Other lossless formats like (well, not everyone will agree that this is a lossless, but it’s pretty darn close), png, I don’t understand compression so I can’t explain that to you.

tvilot's avatar

Basically, JPEG uses a compression technology whereby some data is “thrown away” and replaced with sufficient data that the human eye won’t be able to distinguish the difference. So, for example, if the photo contains a lot of blue sky, instead of saving every single pixel where all the pixels for the sky are almost identical, a smaller bit of data is stored which tells the software that will uncompress the image that some region of the image can be replaced with an array of pixels that have the same value.

JPEG can be very lossy or not very lossy. You can achieve a smaller file size by increasing compression which will be more “aggressive” about replacing portions of the image with identical pixel values. Less aggressive compression will look better, but the file size will be larger.

Other “lossless” compression formats are TIFF, PNG, GIF, RAW, PSD and many others.

jballou's avatar

Speaking from the perspective of a graphics/audio/video guy here, XCNuse has got some of it confused (no offense)

Lossy/Lossless is more related to the way you save/export the file. Usually for images, common file types are jpg, gif, or png. These are usually all lossy formats because when you save them, whatever program you’re using uses a compression algorithm to get rid of information you can lose for the sake of a smaller file size. For jpg, for example, most programs get rid of redundant color information. (So if 2 pixels are next to each other, and are the same color, jpg will get rid of the color information for one of those pixels and just borrow the information already saved for the pixel next to it and reapply it)

Music is similar. Mp3 is a Lossy format because it is compressed when saved/exported.

Something lossless doesn’t compress at all. But it can be tricky because the file extensions might actually be the same as lossy files. For example, when saving a photo as a tiff, you can choose to compress it (making it lossy) or you can choose to leave it uncompressed (making it lossless)

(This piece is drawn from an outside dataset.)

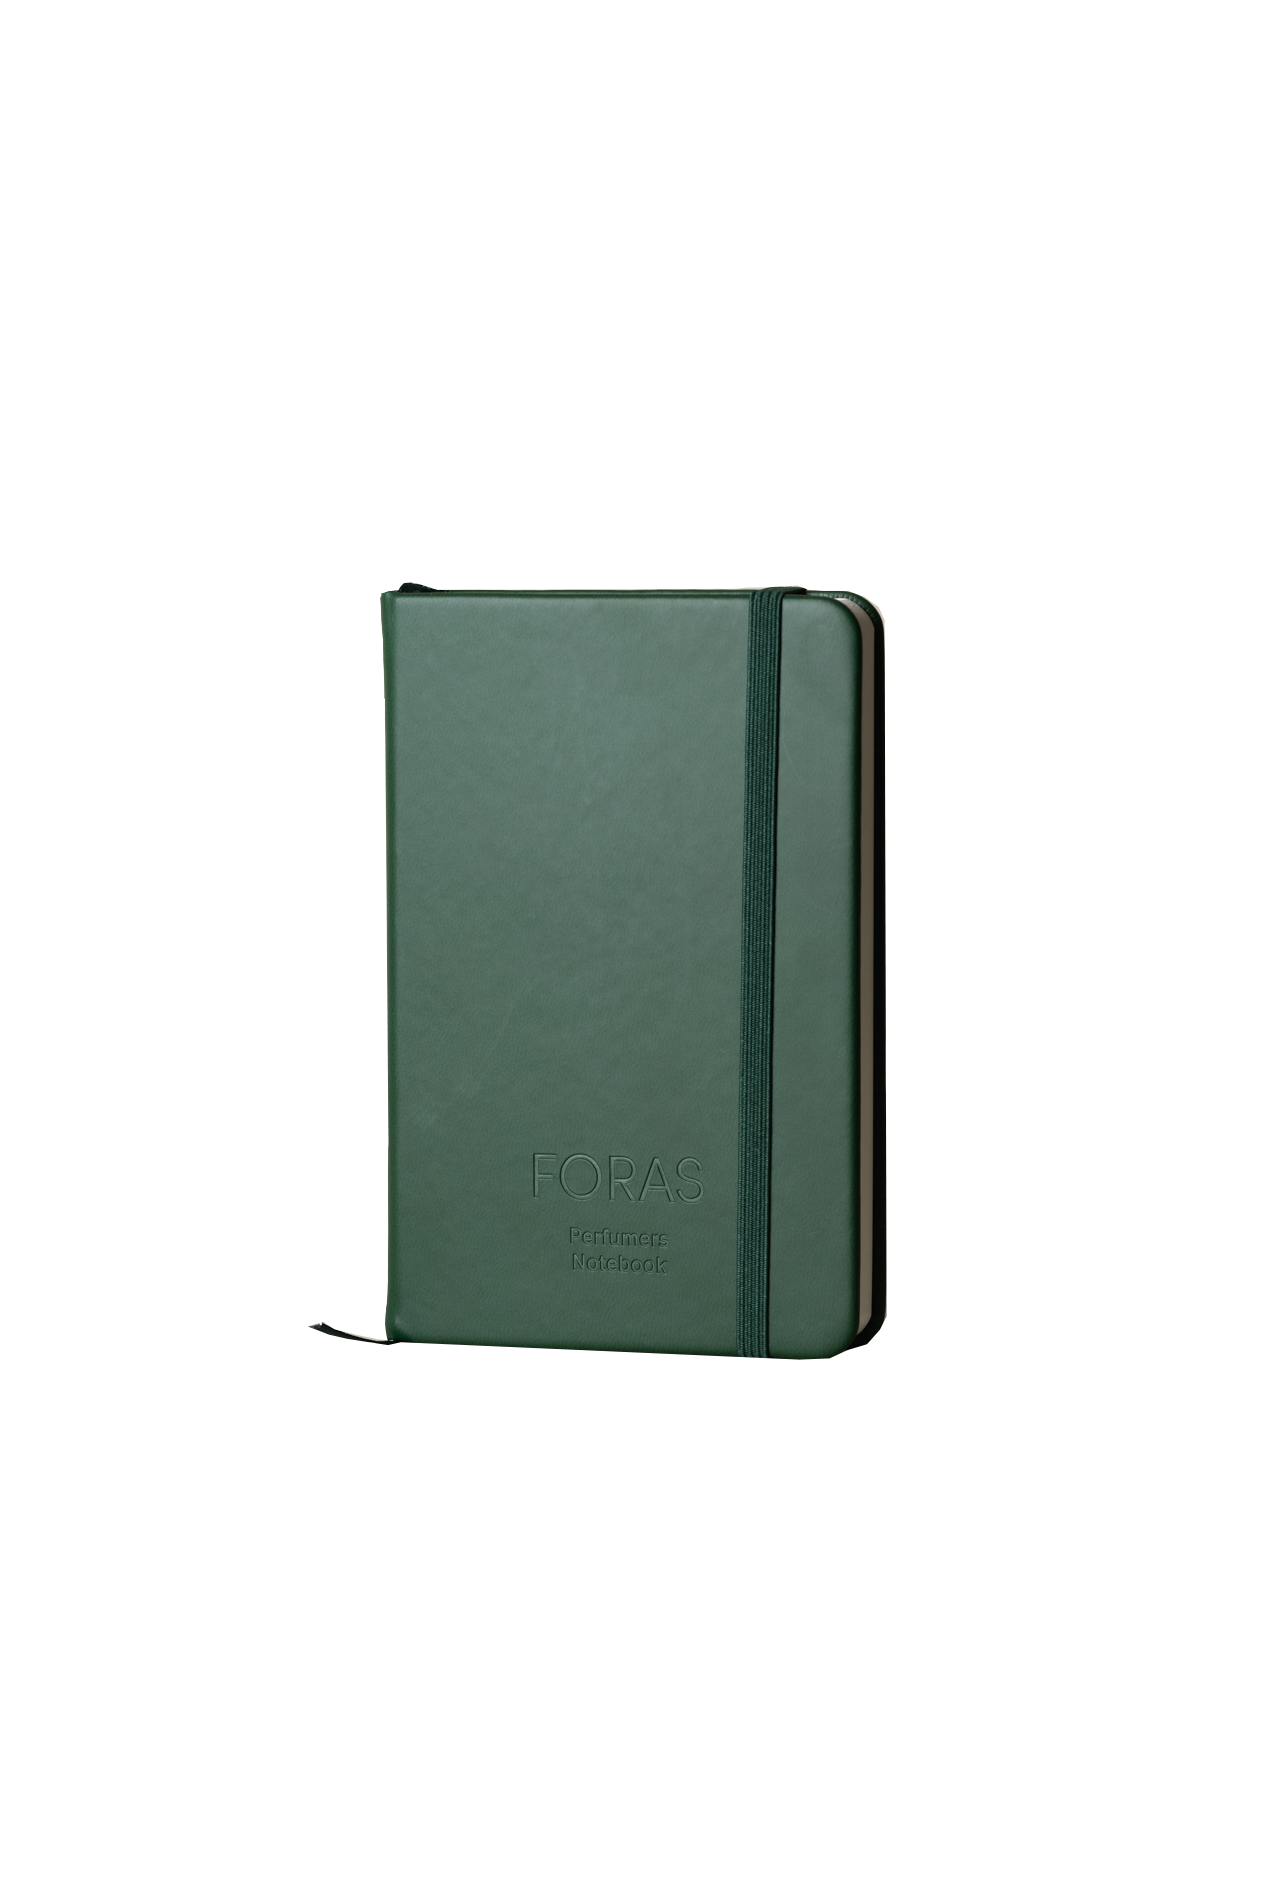 Foras Perfumer's Notebook

Having a good understanding of lossless vs. lossy has more to do with the programs you’re using to create these files and not as much with the file extensions.

xyzzy's avatar

@jballou, you don’t have it quite right.

Lossless simply means that you can undo the compression and end up with exactly byte-for-byte what you started with. Lossless is still compression; it’s just perfectly reversible. Lossy compression on the other hand, throws away information that is lost forever.

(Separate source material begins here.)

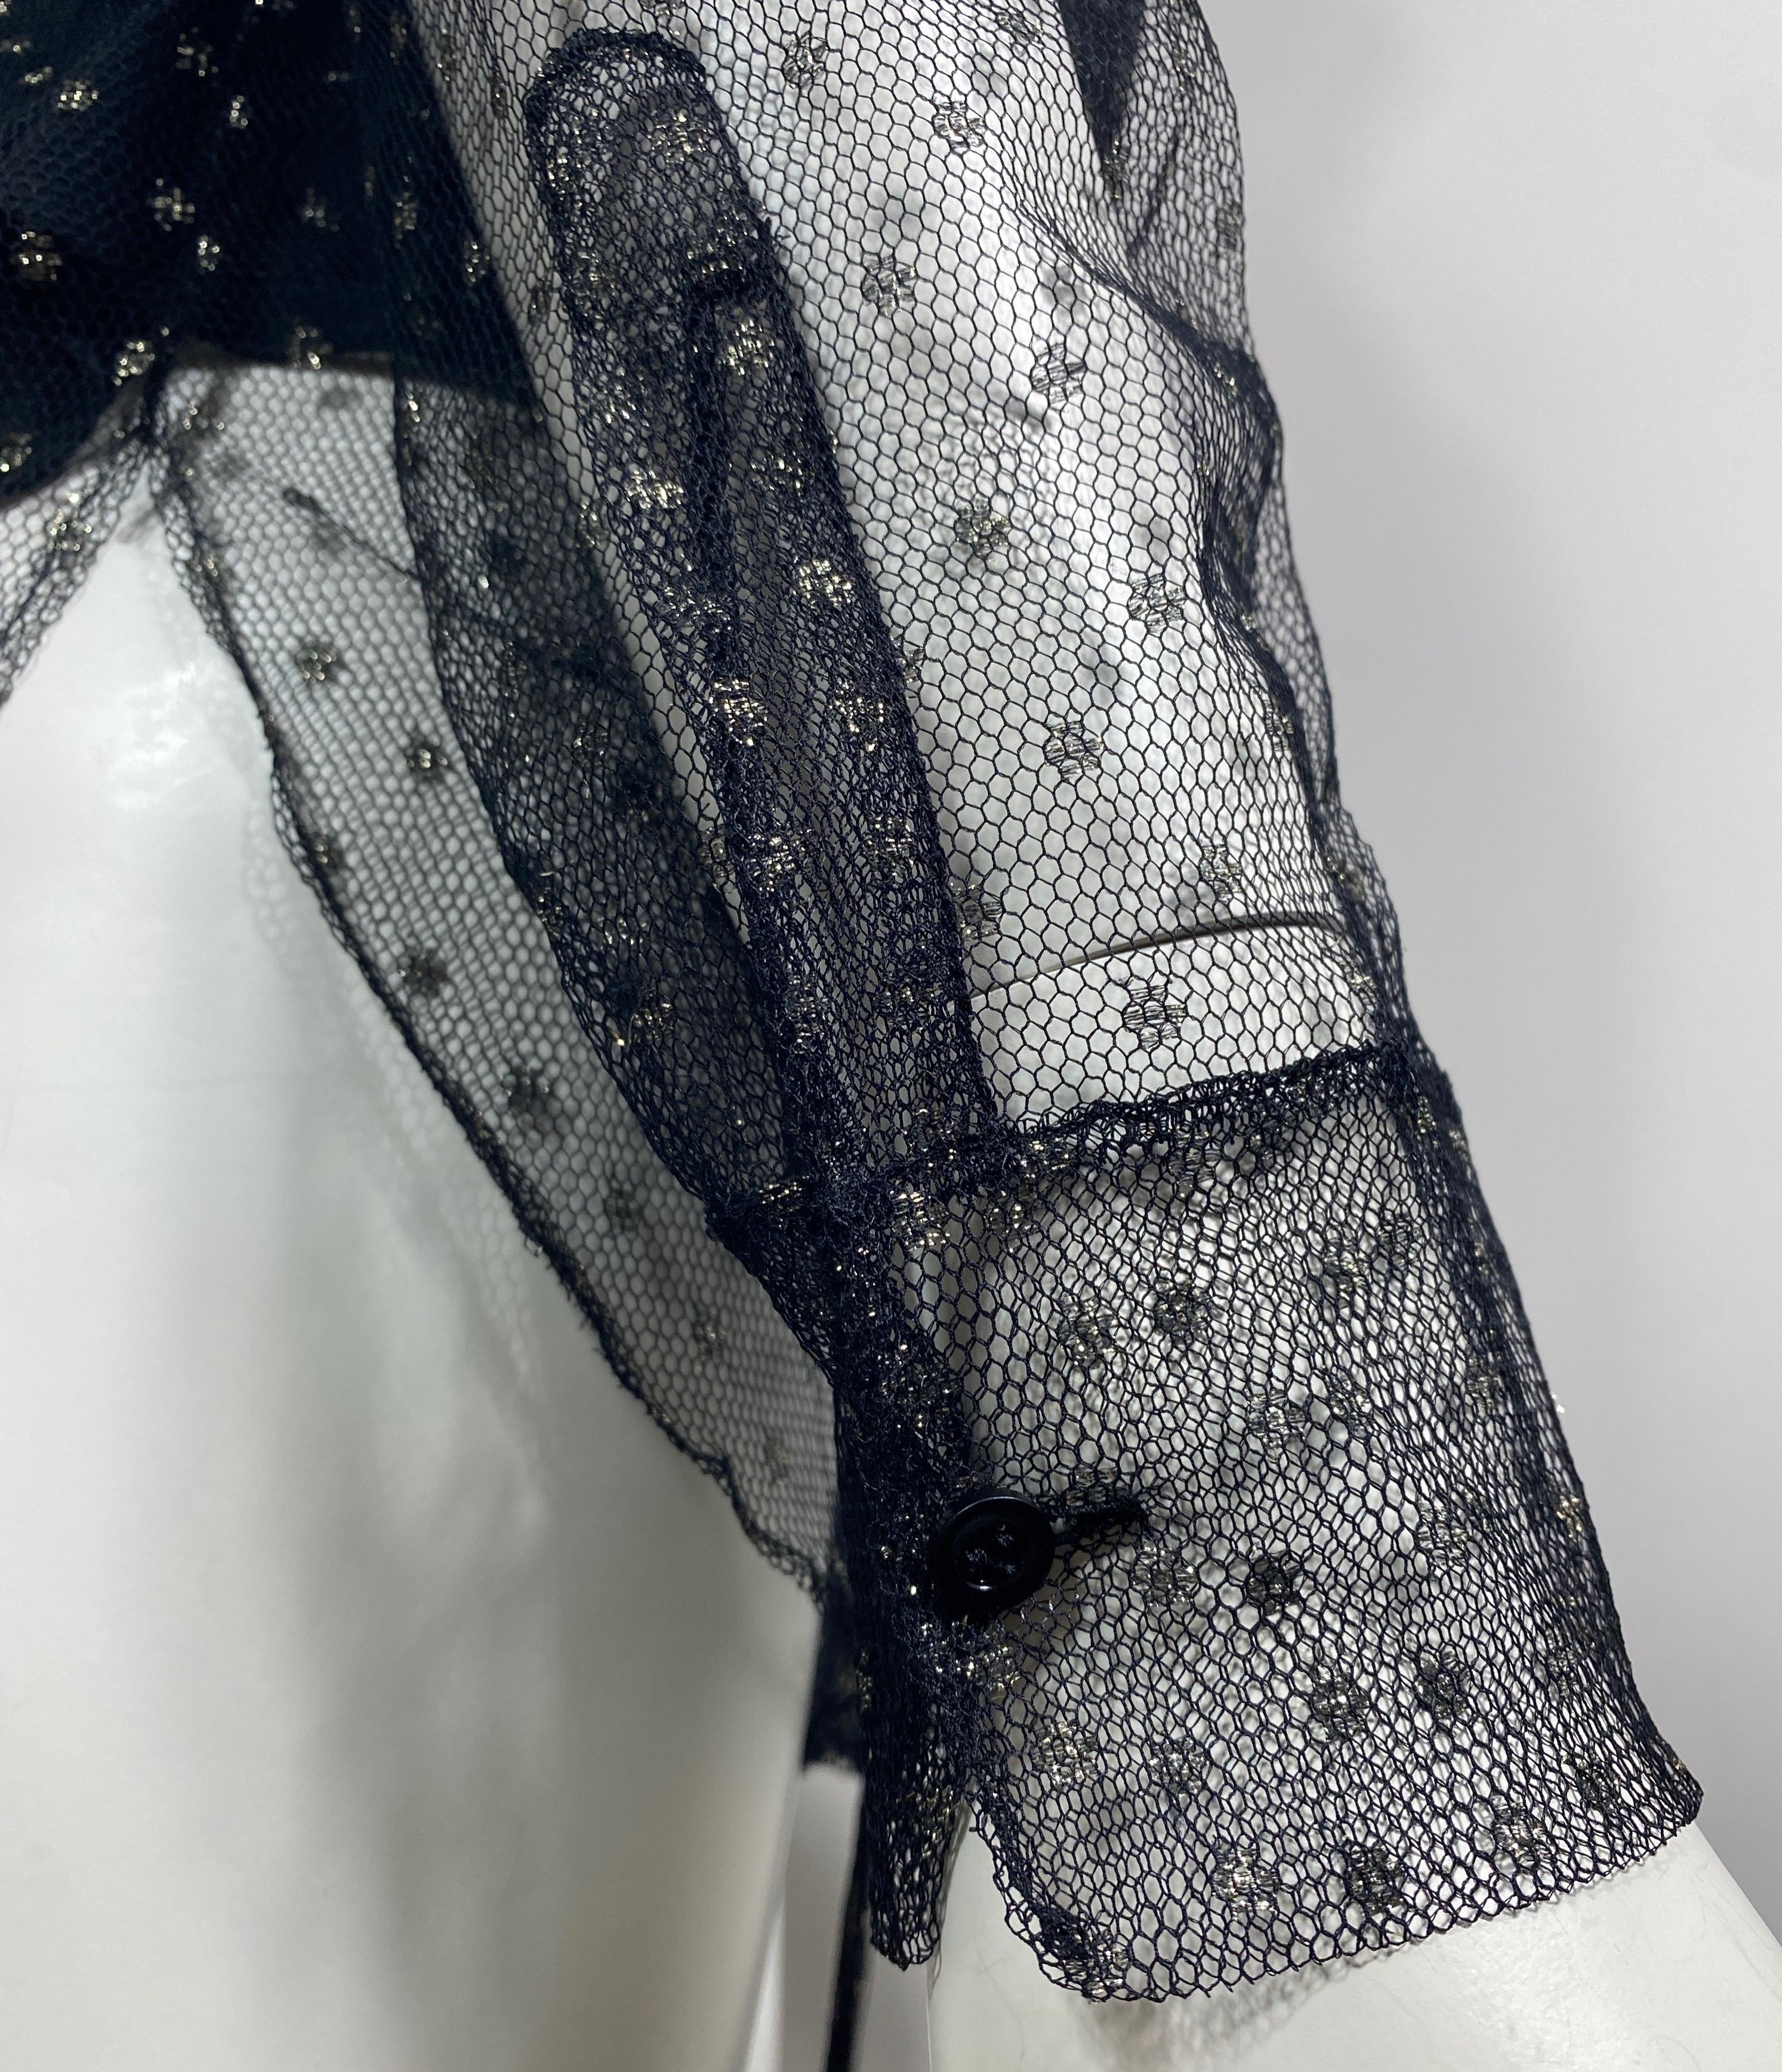 Christian Dior Mini Polka Dot Sheer Mesh Top noir et or - Taille petite en vente 6

ZIP is probably the most widely know example of lossless compression. When you unzip a file, you always get back the exact file you compressed – with no changes. Very good for text documents and spreadsheets. MP3 and Jpeg are popular examples of lossy compression. Uncompress these and you end up with something very close (but not exactly the same as) to the original file.

For archival purposes, lossless is always preferable. For everyday use where storage space is limited, lossy is preferable.

jballou's avatar

Like I said, I’m speaking from the perspective of a graphics/audio/video guy. When you’re working in those mediums lossless is literally an uncompressed file.


XCNuse's avatar

true it has to do with saving or exporting, but who really thinks about when you are working with it live, I mean for the sake of being simple, it makes sense, but if you want to get technical, then no, when you open any file or whatever loaded into the memory it isn’t compressed, rather it is raw and can be easily changed by I/O devices, and is done so to make things faster and “losless” while working with anything, until it is saved to a form of hard drive space or whatever.

But for the sake of the question, keeping it simple just makes sense lol.

I never opened up a png or jpg so ive never seen the fileatrix compared to a lossless format, but what tall said makes sense and was how I figured it would work, was just confused how it would look in sense of numbers etc. compressing in computers to me is just a miracle to me lol I dont understand how it works, but thats for another time.

tvilot's avatar

jballou, I don’t think that’s quite right. Compressed TIFF can be either lossy or lossless.